Das Argentum SCG-7,5/3/4E-GS «Extreme» eignet sich also für gezieltes Klangtuning – vor allem, wenn es darum geht, die Wiedergabe einer Anlage zu verschönern. Dies bei allerhöchsten Ansprüchen bezüglich Feindynamik und Durchhörbarkeit der Musik. Auch der Preis (ab CHF 2190.-) kann sich im Vergleich mit der Konkurrenz (etwa zu Reinsilberkabeln von Kimber Kable) durchaus sehen lassen.

Fazit
Die getesteten Verbindungskabel von Argentum überzeugen mit durchwegs sehr hoher Wiedergabegüte und erbringen den Beweis, dass Reinsilberkabel eine Wiedergabekette entscheidend aufwerten können. Dabei macht sich die nicht unerhebliche Investition natürlich erst bezahlt, wenn der Rest der Anlage klanglich auf einem adäquaten Niveau liegt. Dann nämlich macht es Sinn, mit Feintuning-Massnahmen wie dem Einsatz sehr teurer Kabel noch (sehr) viel Mehr an Klangqualität herauszuholen.
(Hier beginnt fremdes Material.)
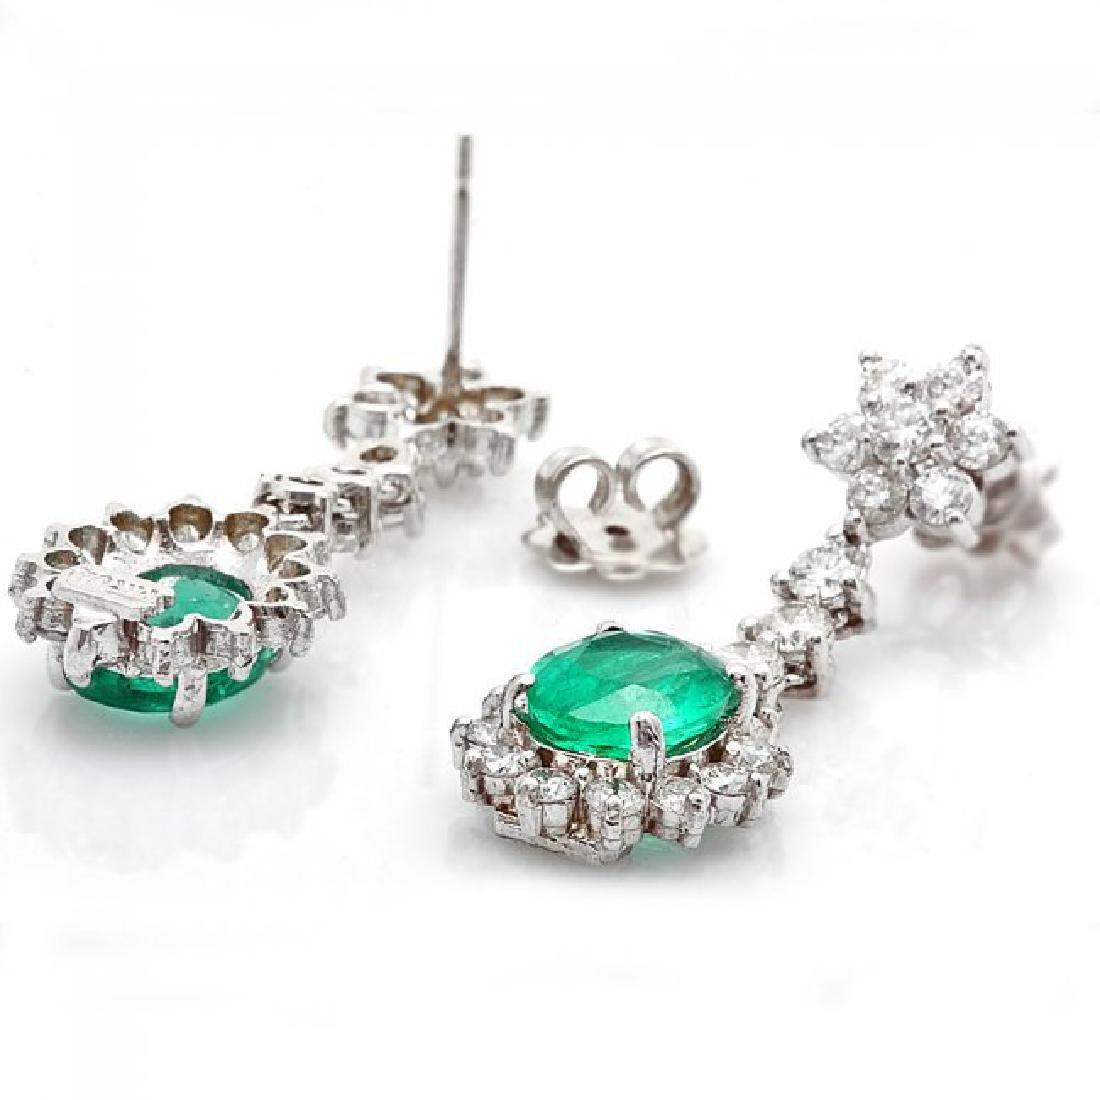 14k W Gold 3.50ct Emerald 2.50ct Diamond Earrings - 2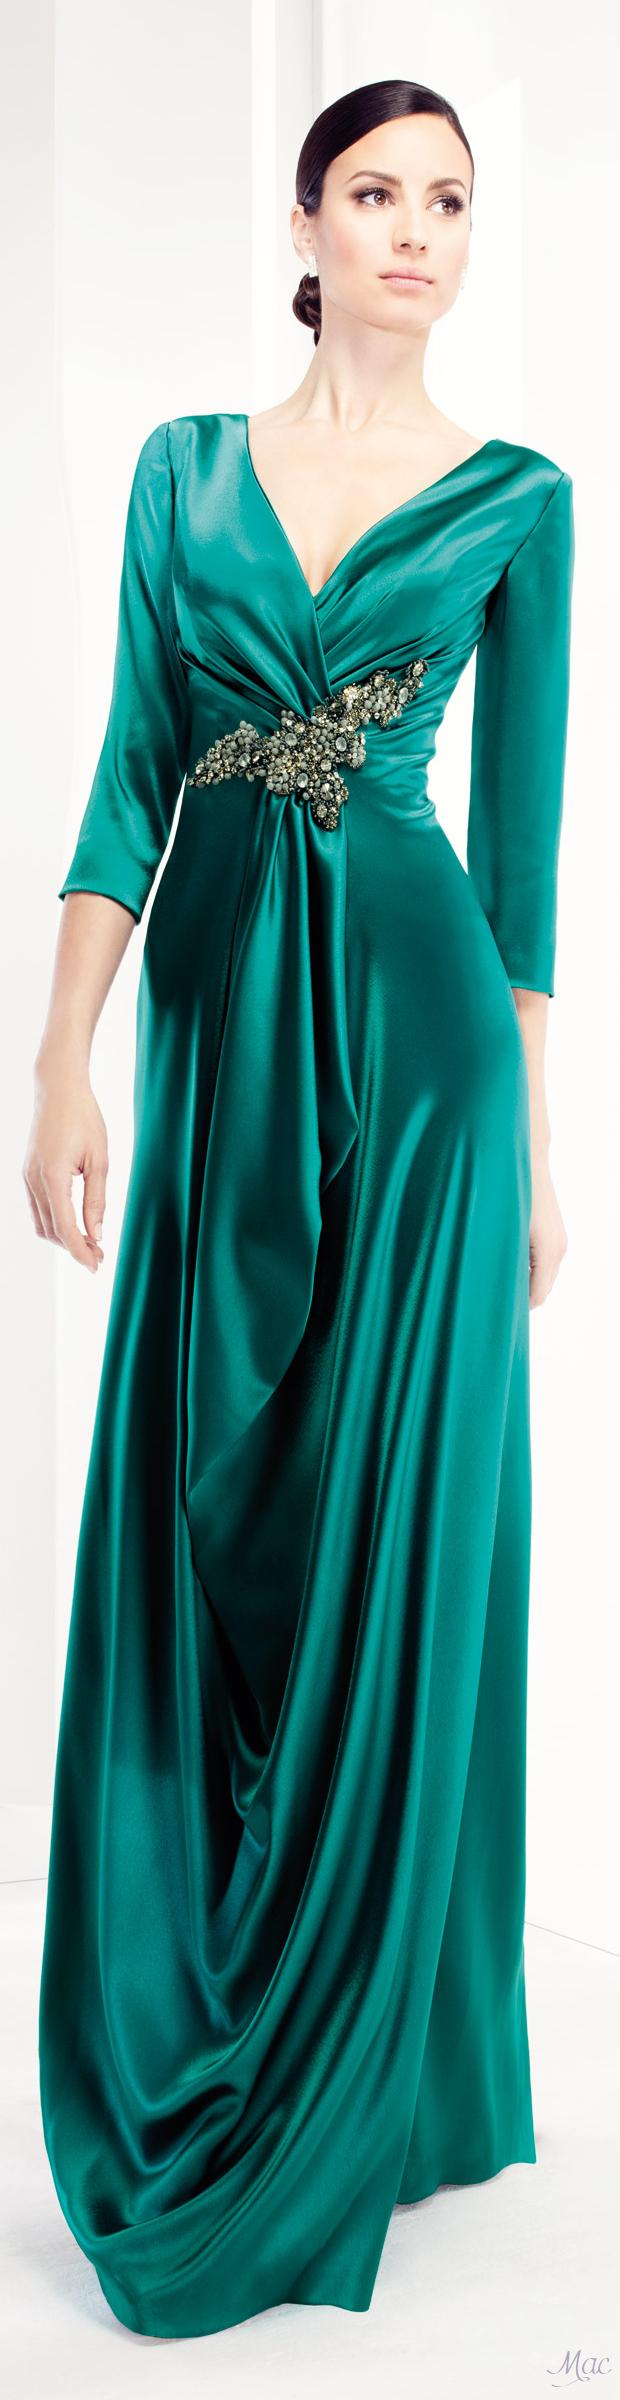 Patricia Avendaño Platinum Collection   Vestido madrina   Pinterest ...

Hierfür sind die «Exclusive»- und «Extreme»-Verbindungskabel von Argentum bestens geeignet. Wer also einen separaten DAC oder getrennte Vor- und Endverstärker der Spitzenklasse sein Eigen nennt und auf der Suche nach Verbindungskabeln ist, die eine transparentere Wiedergabe realisieren: Bei Argentum wird er fündig. Und dies dankenswerterweise ohne übermässig analytischen Beigeschmack. Preis-Leistungs-Tipp in diesem Vergleich ist zweifelsohne das «Premium»-Modell des polnischen Herstellers, das für einen fairen Preis Topqualität anbietet. Argentum sollte man beim anstehenden Kauf von High-End-Kabeln mit auf dem Radar haben.